If the Federal Court upholds the ruling in favor of Align, then that means that companies that 3D print parts from an unlicensed third party 3D model could be considered to be violating patents. So if someone were to download a 3D model of a specific object, like say a replacement part for an appliance, and print it, they would be just as culpable of violating a copyright as the person who created the 3D model. Alternately, many businesses that manufacture parts and simple components are concerned about the ability of people to 3D scan their designs, turn them into 3D models, and simply replace them as needed. What would have traditionally been a customer will now no longer need to pay for the replacement parts as they essentially become a competitor. Technically this company would be able to sue the person 3D printing their own replacements because they would be violating their patents.

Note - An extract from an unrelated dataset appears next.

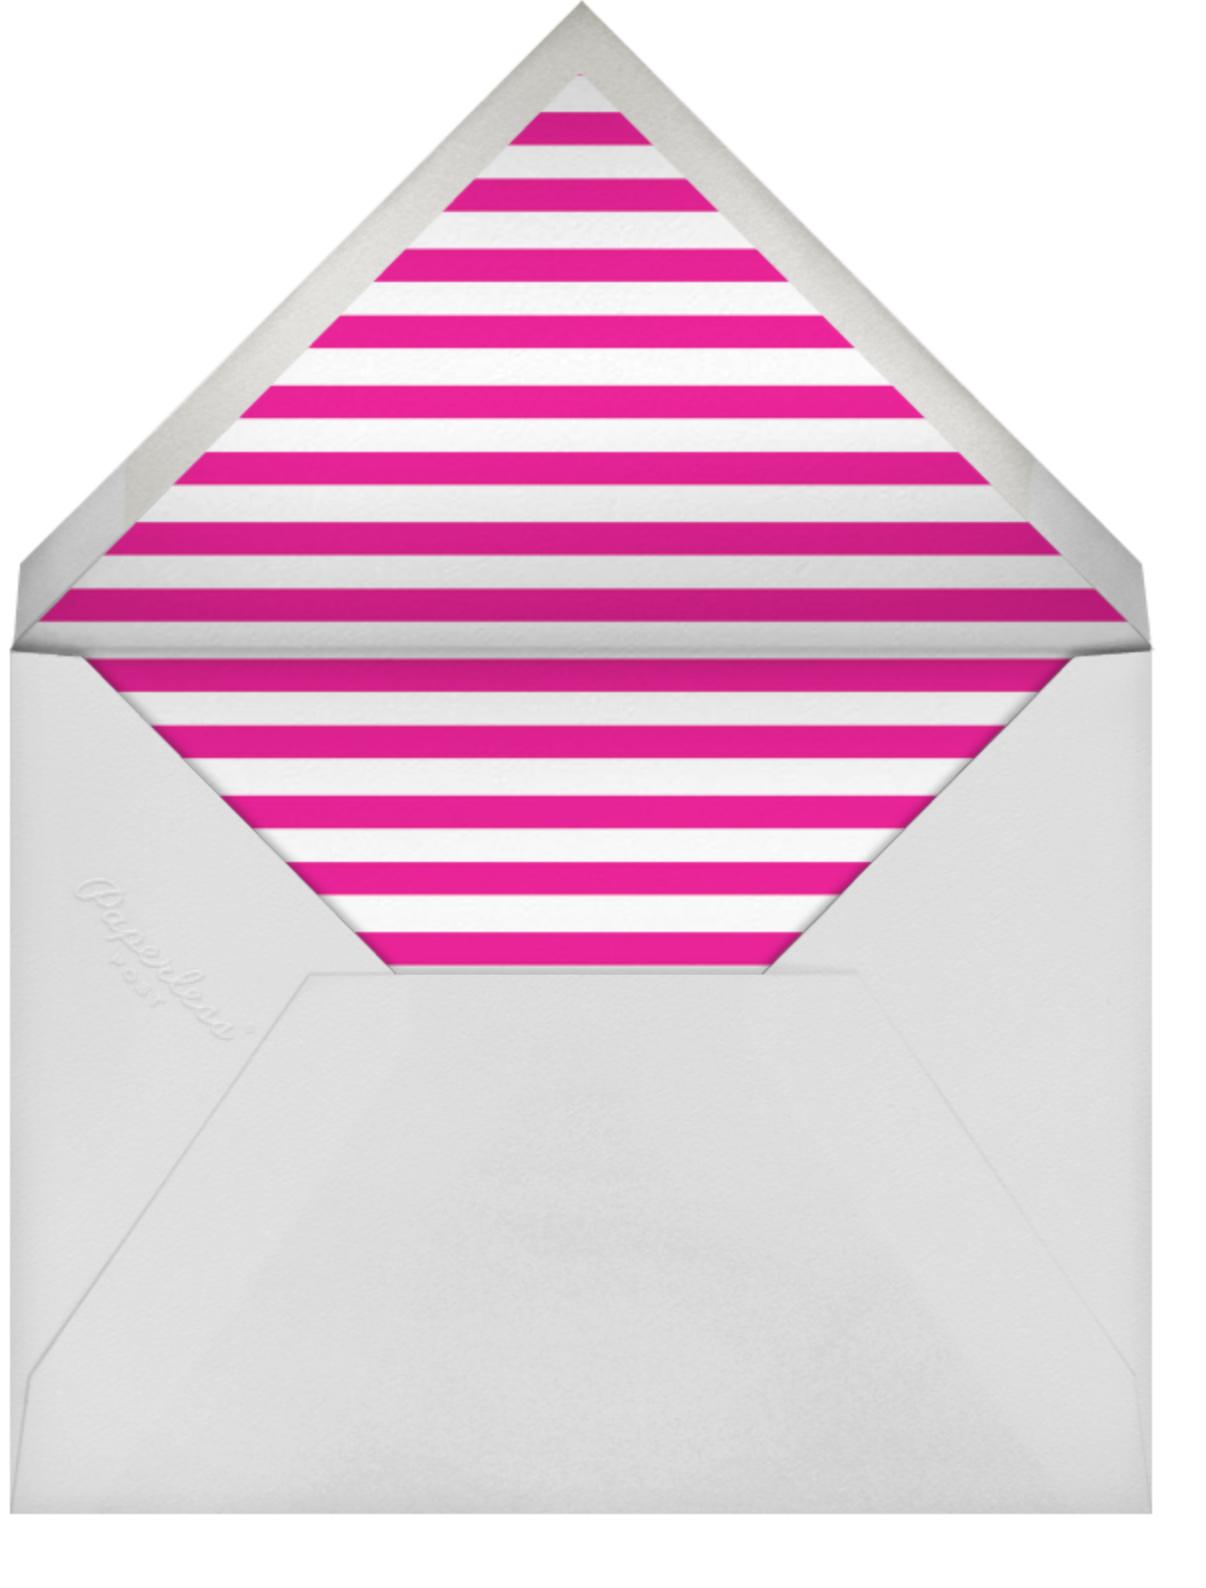 Evergreen Stripes - Red/Pink - kate spade new york - Summer parties - envelope back

“Our guess, and it is only a guess, is that the Federal Circuit will not want to open the floodgates and allow digital models to be patented. It seems more likely that the court will rule that digital models are intangible objects, and that even if they are ‘articles’ for an ITC case, they are not ‘articles of manufacture’ under U.S. patent law. This may seem like legal mumbo jumbo, but, on such distinctions, important issues can turn. If the court so rules, the battle probably will not end there. As 3D printing from 3D scans becomes more common, parts companies will probably lobby Congress to beef up protection for digital models,” explained IP lawyer and 3D printing expert John Hornick & Carlos Rosario in their article about the case on 3D Printing Progress.
The Federal Circuit’s decision, regardless of the outcome, will have a profound effect on the 3D printing industry, and possibly even the future of patent law itself. If they rule in favor of Align, then we’ll see if the business industry learned any lessons from the music industry and the RIAA’s response to illegally downloaded music. It’s just my opinion, but I’m highly skeptical that they did. If the Court rules against Align, and says that 3D models are not considered “articles of manufacture” by current patent laws then that will just start a new battle, likely to be fought in Congress. You know, that place that is traditionally unfriendly to the needs and wants of big business.